President John Dramani Mahama has directed the Ministry of Health to issue guidelines to eliminate the unacceptable no-bed syndrome in the country’s health facilities, insisting that no patient in a medical emergency should be turned away.
He made this known during his State of the Nation Address to Parliament on Friday.
“Patients facing medical emergencies must be received and given help, even under makeshift conditions,” he told Parliament
The directive came as part of a sweeping overhaul of the health sector that the President unveiled, which also included the rollout of a Free Primary Health Care programme, the absorption of 13,500 health workers onto the public payroll, and a total health financing package of GH¢34.7 billion.
President Mahama recalled that by January 2025, the health sector was burdened with GH¢15 billion in liabilities from stalled hospital projects, ageing equipment, and a financing gap of more than GH¢2.4 billion.
He noted that donor support had declined sharply from 19 percent of total health spending three years ago to just 2.2 percent today, leaving an annual gap the government had no choice but to fill. “Faced with these realities, my government chose to act decisively,” he told the House.
The President disclosed that Direct government funding would account for about 72 percent of total health spending in 2026, up from 56.8 percent in 2023,
He stated that core health allocations had risen to GH¢23.3 billion and with National Health Insurance resources included, total health financing now stood at GH¢34.7 billion.
“This reflects our clear commitment to domestic financing and health sovereignty,” President Mahama told Parliament.
On the health workforce, the President disclosed that at the start of 2025, 103,000 trained health workers had been awaiting placement, employment, or enrolment on the payroll.

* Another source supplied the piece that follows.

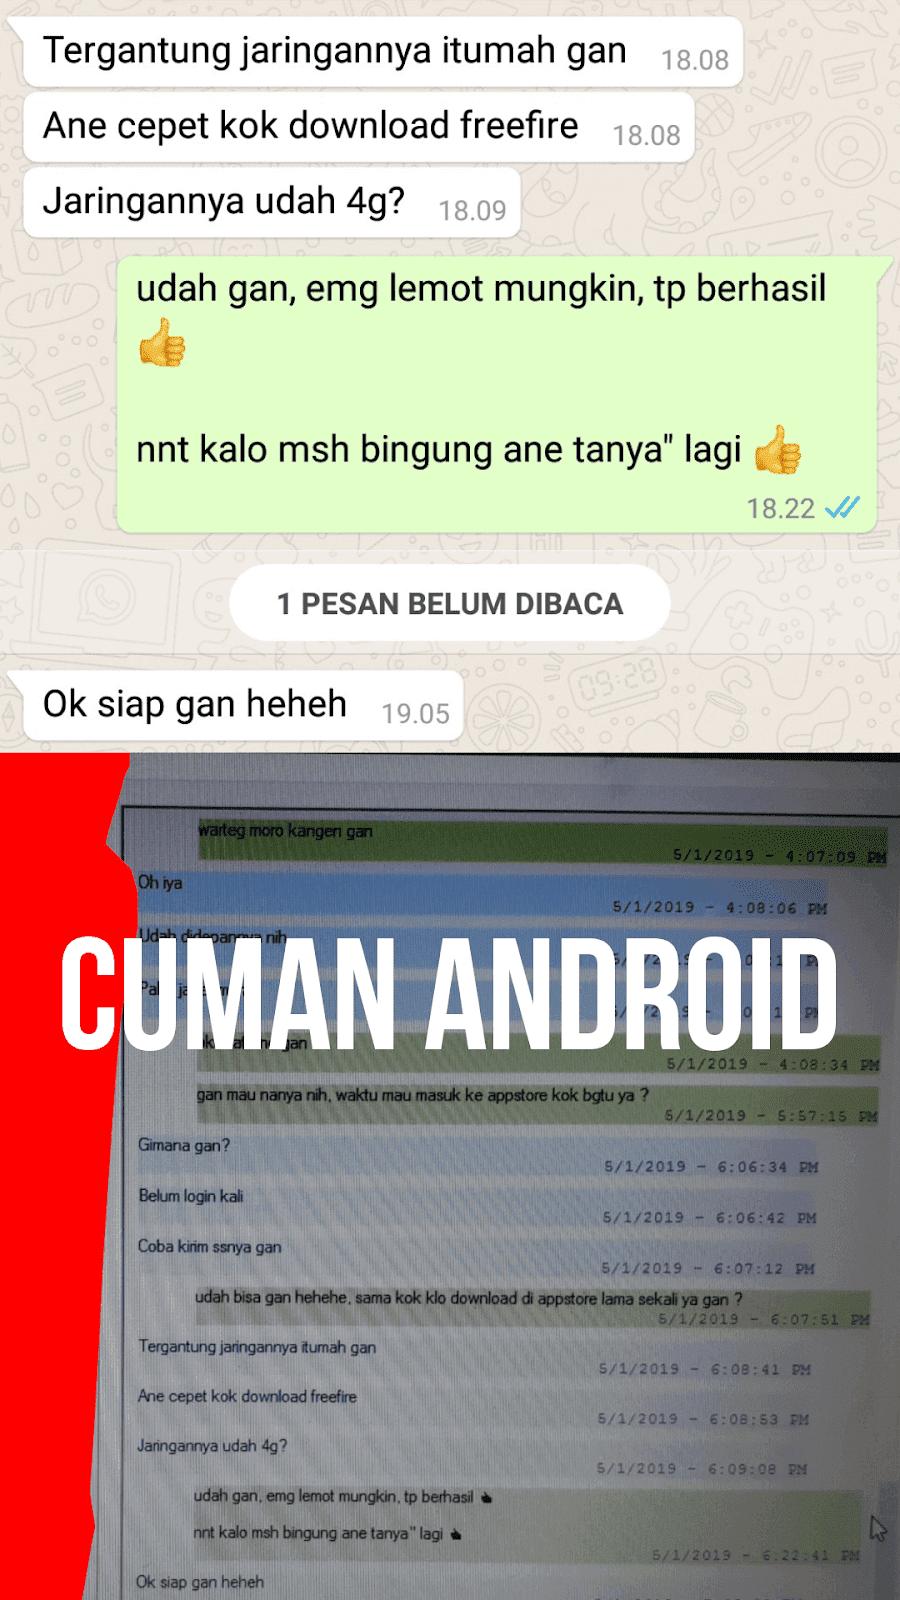 Cara Menggunakan Termux untuk Expert, Part 12 : Cara Bobol Whatsapp di Hp Android Orang Lain via Metasploit (PC+ROOT)

He revealed that over the past year, the government had absorbed 13,500 nurses and midwives, along with hundreds of doctors and pharmacists, onto the public payroll.
President Mahama assured the House that the government would expand recruitment and add more health workers going forward, adding that the maldistribution of health workers would be corrected through targeted incentives for underserved areas.
He appealed to health workers to accept postings to our underserved areas, seeing it as a call to national duty, while we work to ensure they have an enabling environment.
On infrastructure, President Mahama was emphatic that the government would not abandon unfinished projects.
he said provision had been made in the 2026 Budget to commence Regional Hospitals in the Oti, Savannah, and Western North Regions.
The completion of the Sewua Hospital, the Aferi Military Hospital, and the KATH Maternal and Children’s Block in the Ashanti Region was on course, he added, while the Ridge Hospital phase two, the Police Hospital project, and the La General Hospital would also be expanded.
The President disclosed that a new post-basic nursing programmes in Cardiology, Nephrology, Endocrinology, and Oncology Nursing would be introduced this year.
At least 30 nursing training institutions would transition to a competency-based degree curriculum, he noted, with scholarship opportunities for PhD-level training for nurses and allied health professionals also being made available.